Meyer-Landrut: Also „Karsten“ ist ein ständiger Begleiter, der immer da war, immer da sein wird, genau wie der Grand Prix. Ich find das nicht schlimm, ich bin stolz darauf. Ich habe es offensichtlich gut gemacht, und das ist meine Geschichte. Die will ich nicht verändern, davor will ich nicht weglaufen. Ich fühle mich auch nicht als Juror, sondern als jemand, der Kinder auf einer irren Reise begleiten will.
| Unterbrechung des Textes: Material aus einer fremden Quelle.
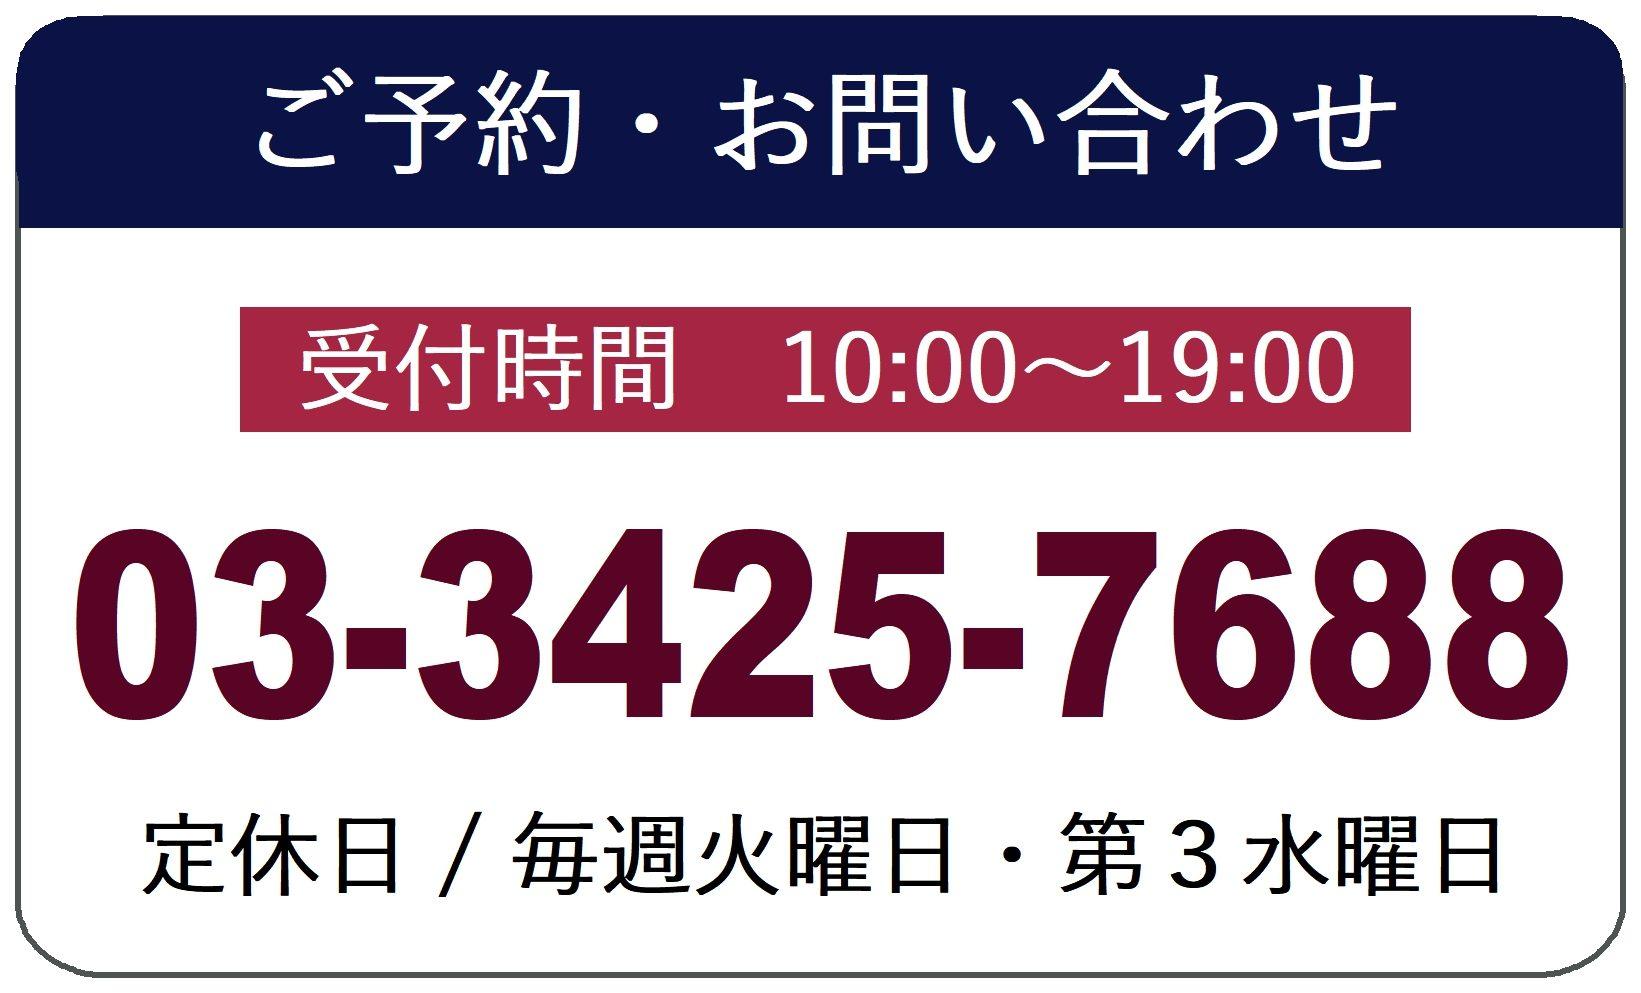 美容室J-walk電話番号

Wie geht man mit enttäuschten Kinder um?

Lena: Man muss das genau erklären. Es gab einen, der hat so geweint, und wir dachten nur: Mist. Dann stellte sich raus, dass er einfach nur überglücklich war: „Tim hat mich umarmt!!!“. Wir achten da sehr drauf, und das ist auch echt anstrengend, immer die richtigen Worte zu finden. Da ist man abends schon ganz schön fertig. Wir schmeißen uns da voll rein.

Als Sie zwischen acht bis 14 Jahre alt waren, hatten Sie da schon ausgeprägte musikalische Interessen oder nur Kinderlieder gehört?

Wehland: Ich habe mich schon seit dem fünften Lebensjahr vorrangig mit deutscher Rock- und Punkmusik befasst.

Meyer-Landrut: Meine Wurzeln liegen bei Britney Spears und den Prinzen. Das hört man vielleicht auch. Ich kann jetzt noch 97 Prozent der Prinzen-Texte. Meine erste CD war Oli P. „Flugzeuge im Bauch“, und dann „Lonely“ von Sasha. Und mit meiner Mutter habe ich zu Whitney Houston getanzt. Und Celine Dion lief oft.

Benzdko: Meine erste CD war „Herz an Herz“ von Blümchen. Und wenn meine Mutter mich zum Fußball fuhr, liefen Peter Maffay und Heintje.

Wehland: Boah Leute, ich dachte, die 80er waren grausam.